### Data block:
^^^^^^^^

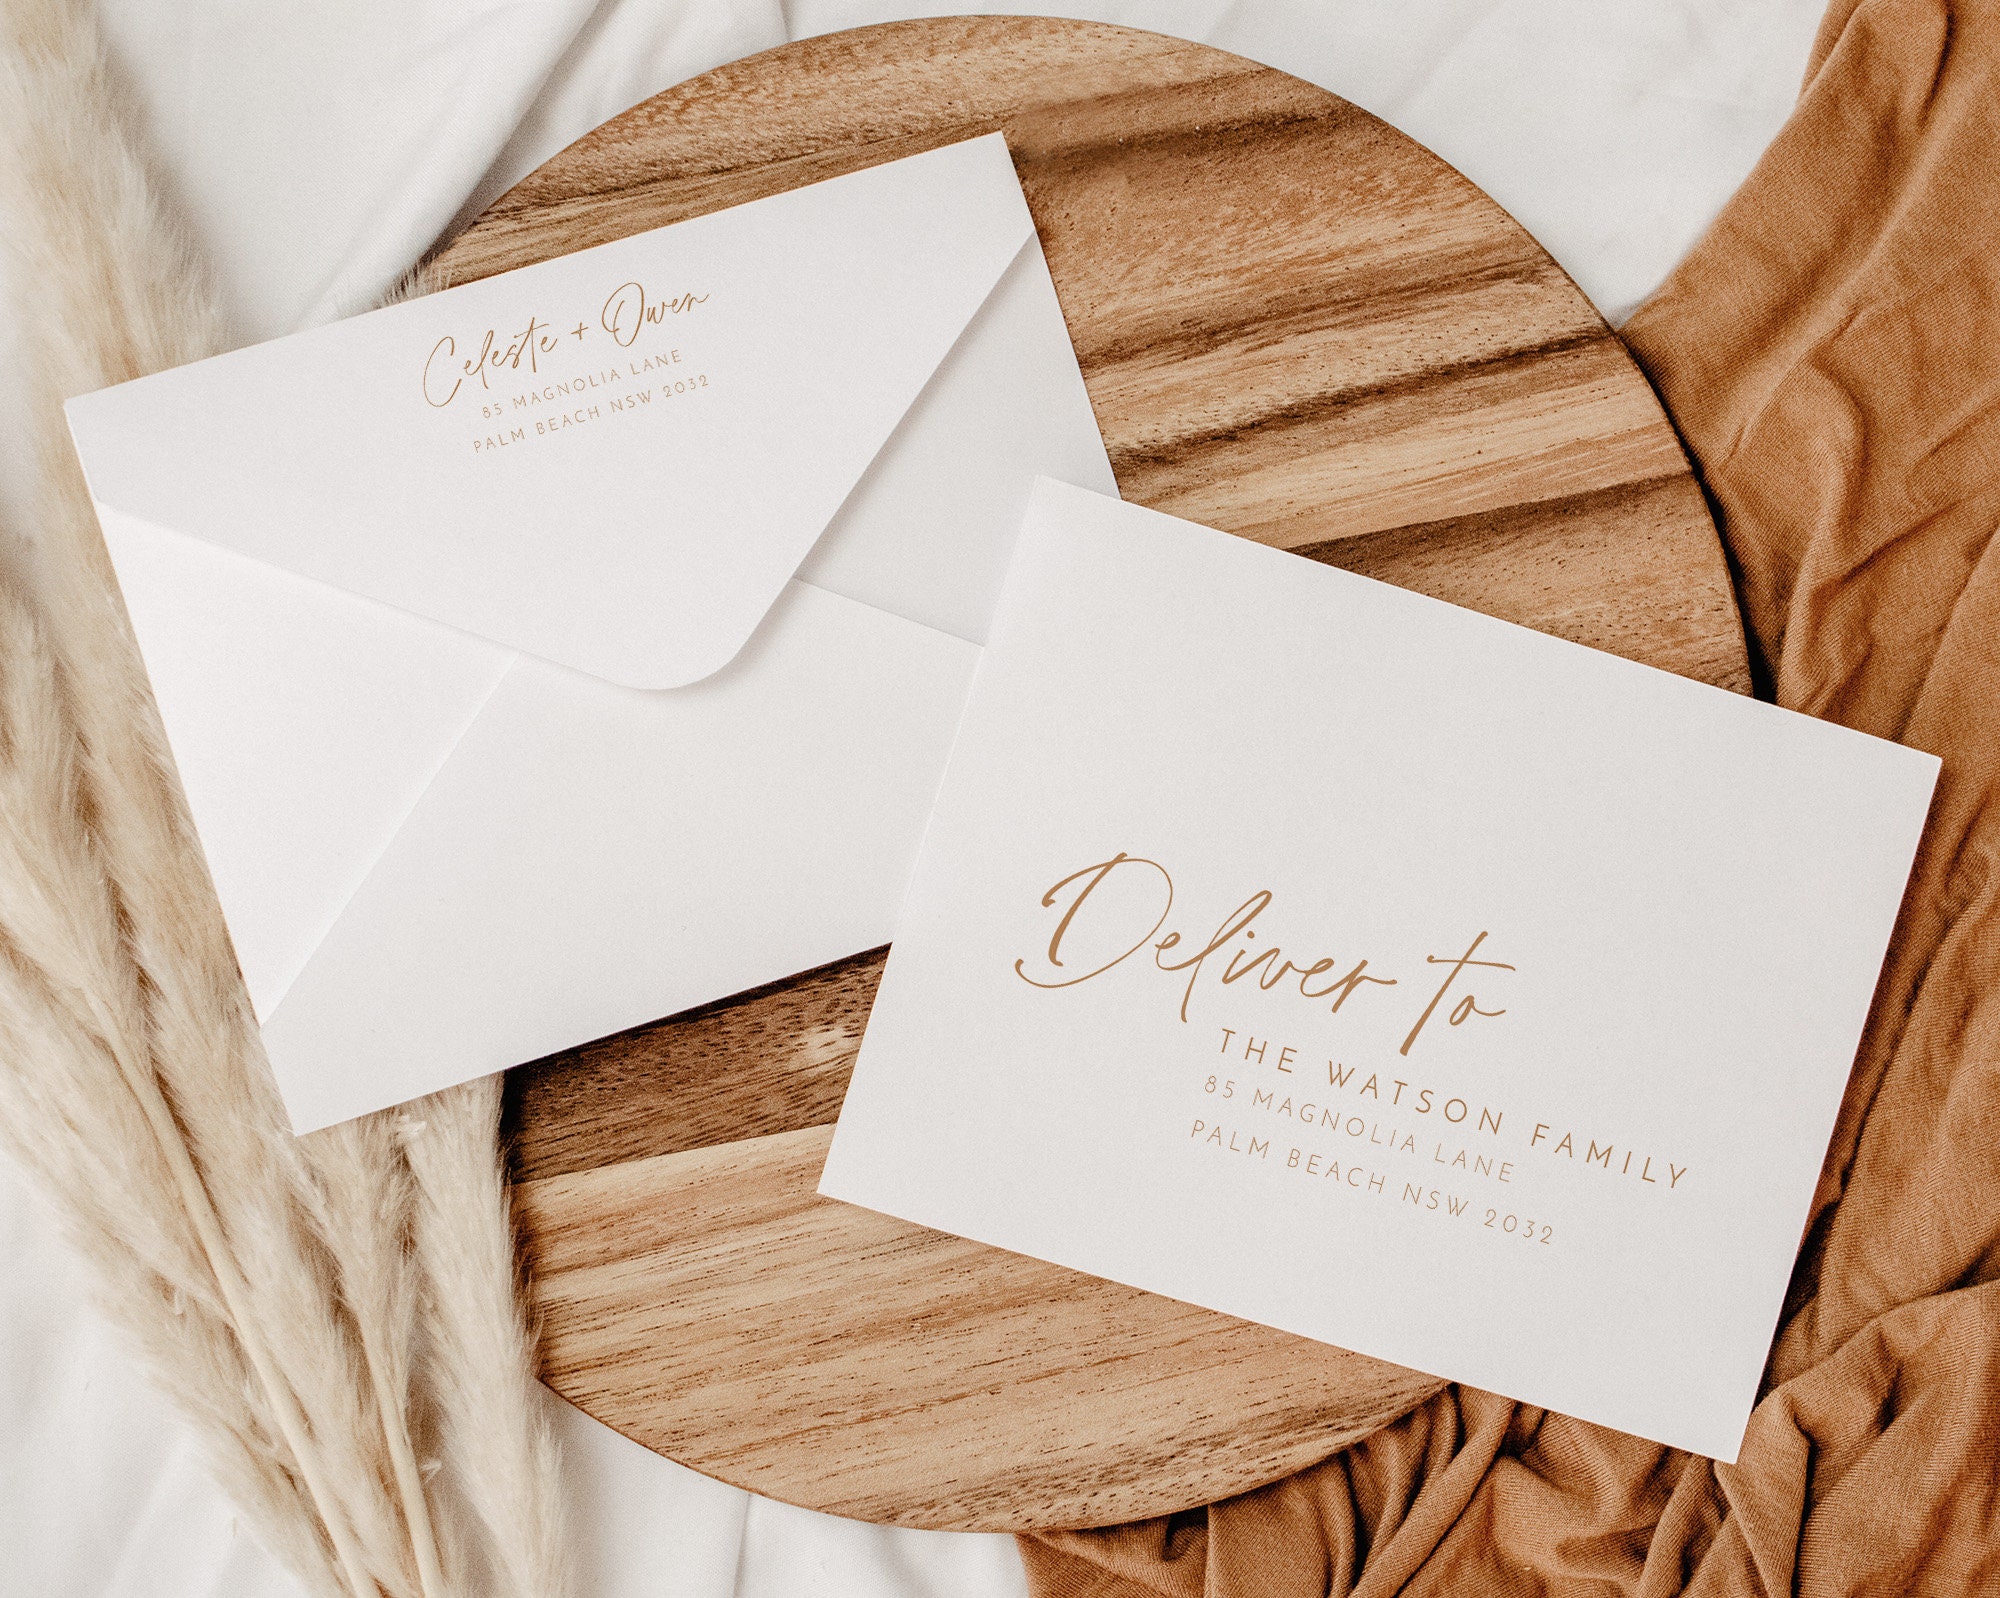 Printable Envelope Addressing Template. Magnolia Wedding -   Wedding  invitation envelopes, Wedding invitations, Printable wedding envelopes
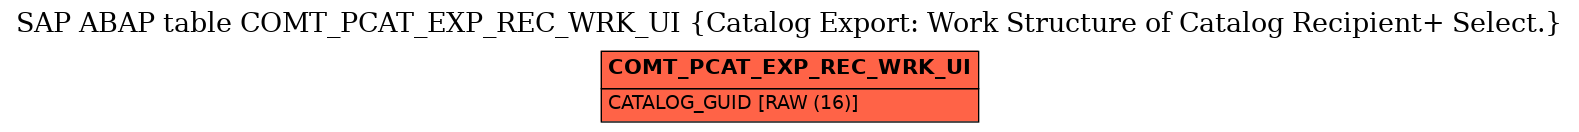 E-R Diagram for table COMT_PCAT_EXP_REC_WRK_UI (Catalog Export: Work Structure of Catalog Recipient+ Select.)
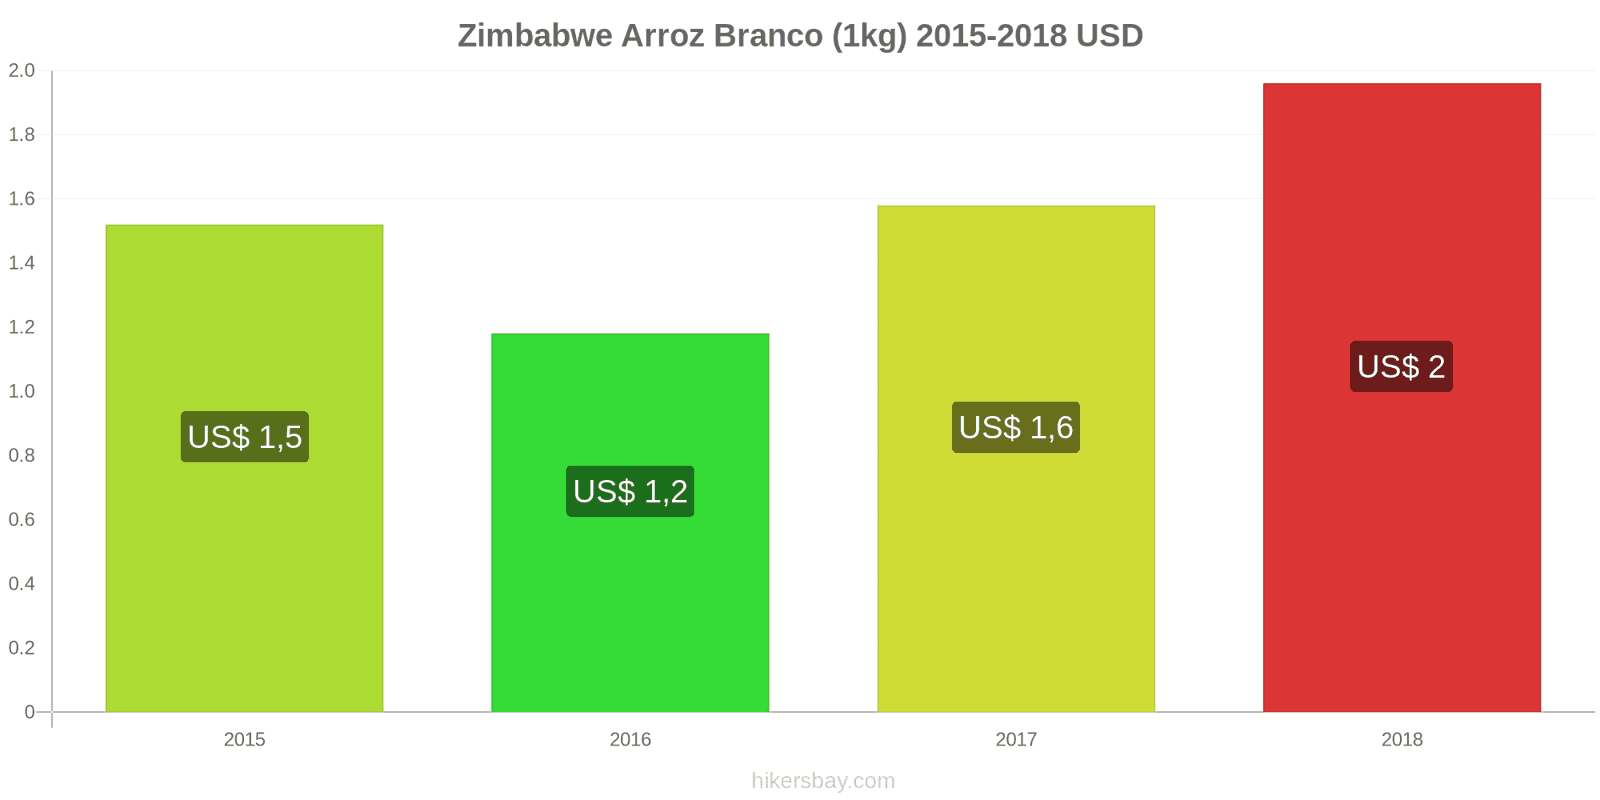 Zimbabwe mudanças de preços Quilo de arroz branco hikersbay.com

^^^^^^^^

### Requirement:
Would you write out the data exactly, with no pictures in the copy?

### Your response:
 Printable Envelope Addressing Template. Magnolia Wedding -   Wedding  invitation envelopes, Wedding invitations, Printable wedding envelopes
 E-R Diagram for table COMT_PCAT_EXP_REC_WRK_UI (Catalog Export: Work Structure of Catalog Recipient+ Select.)
 Zimbabwe mudanças de preços Quilo de arroz branco hikersbay.com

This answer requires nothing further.